Zenith Solar
- Founded: 2006
- Founders: Roy Segev, David Faiman, Bob Whelen
- Products: Solar energy
- Website: www.zenithsolar.com

= Zenith Solar =

Defunct Israeli solar energy company

Zenith Solar was an Israeli solar energy company based in Ness Ziona.

==History==
Zenith Solar was founded in 2006 by Roy Segev, David Faiman and Bob Whelen.

In 2007, David Faiman, director of the Ben-Gurion National Solar Energy Center, announced that the Center had entered into a project with Zenith to create a home solar energy system that uses a 10 square meter reflector dish. Zenith bought the rights to solar technology from Ben-Gurion University and Germany's Fraunhofer Institute for Solar Energy Systems ISE to create solar energy using mirrors and lenses that magnify and focus the sun's rays. In testing, the concentrated solar technology proved to be up to five times more efficient than standard flat photovoltaic silicon panels, which would make it almost as cheap as oil and natural gas. A prototype ready for commercialization achieved a concentration of solar energy that was more than 1,000 times greater than standard flat panels. According to Faiman, who led the Israeli team that developed the technology, 10% of Israel’s energy needs (1,000 megawatts) could be met from 12 square kilometres of land.

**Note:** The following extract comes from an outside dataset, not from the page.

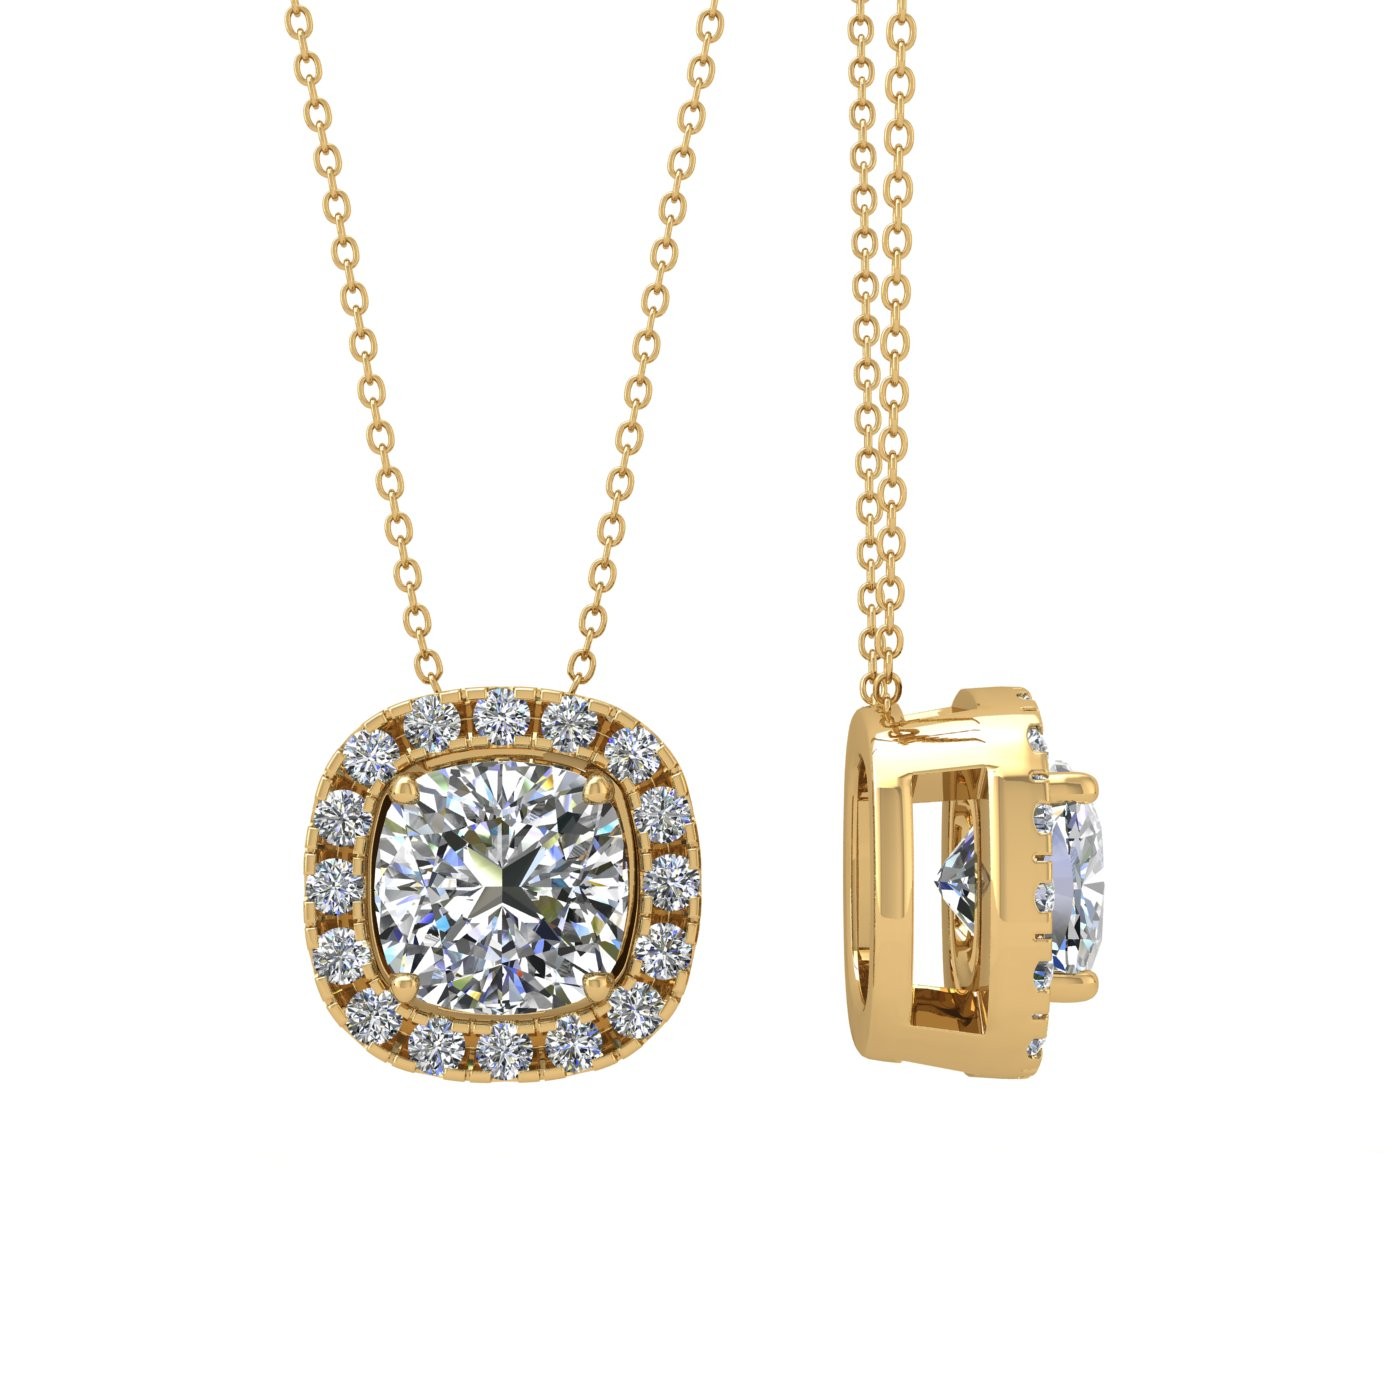 18k white gold  1,2 ct 4 prongs cushion shape diamond pendant with diamond pavÉ set halo Photos & images
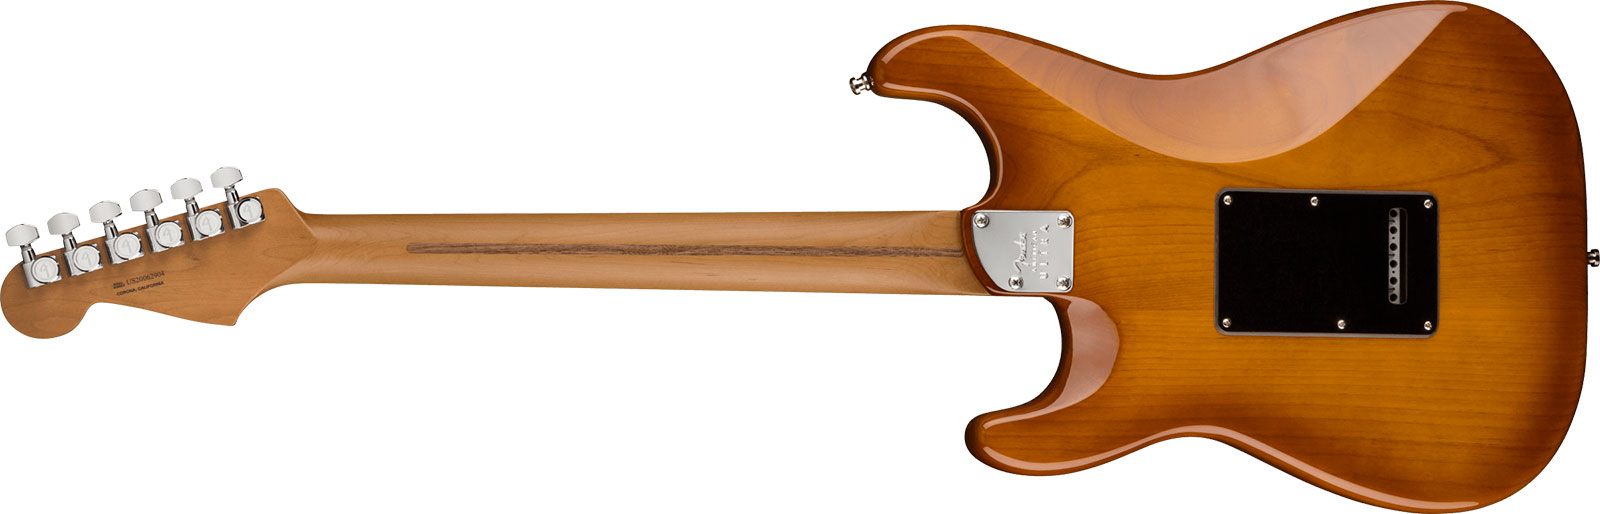 Fender Strat American Ultra Roasted Fretboard Ltd Usa 3s Trem Mn - Honey Burst - Elektrische gitaar in Str-vorm - Variation 1

Zenith Solar was assembling solar panel kits at its factory in Kiryat Gat. The company used CHP (combined heat and power) technology which it claimed reached efficiencies of over 70%. Marketing claims included "harvesting more energy from a smaller space, less landfill produced from their waste." and "99% recyclable."

In June 2013 Zenith filed for bankruptcy and in December of that year they were acquired by Suncore Photovoltaics Technology Company Limited, a Chinese-US joint venture that specialises in CPV.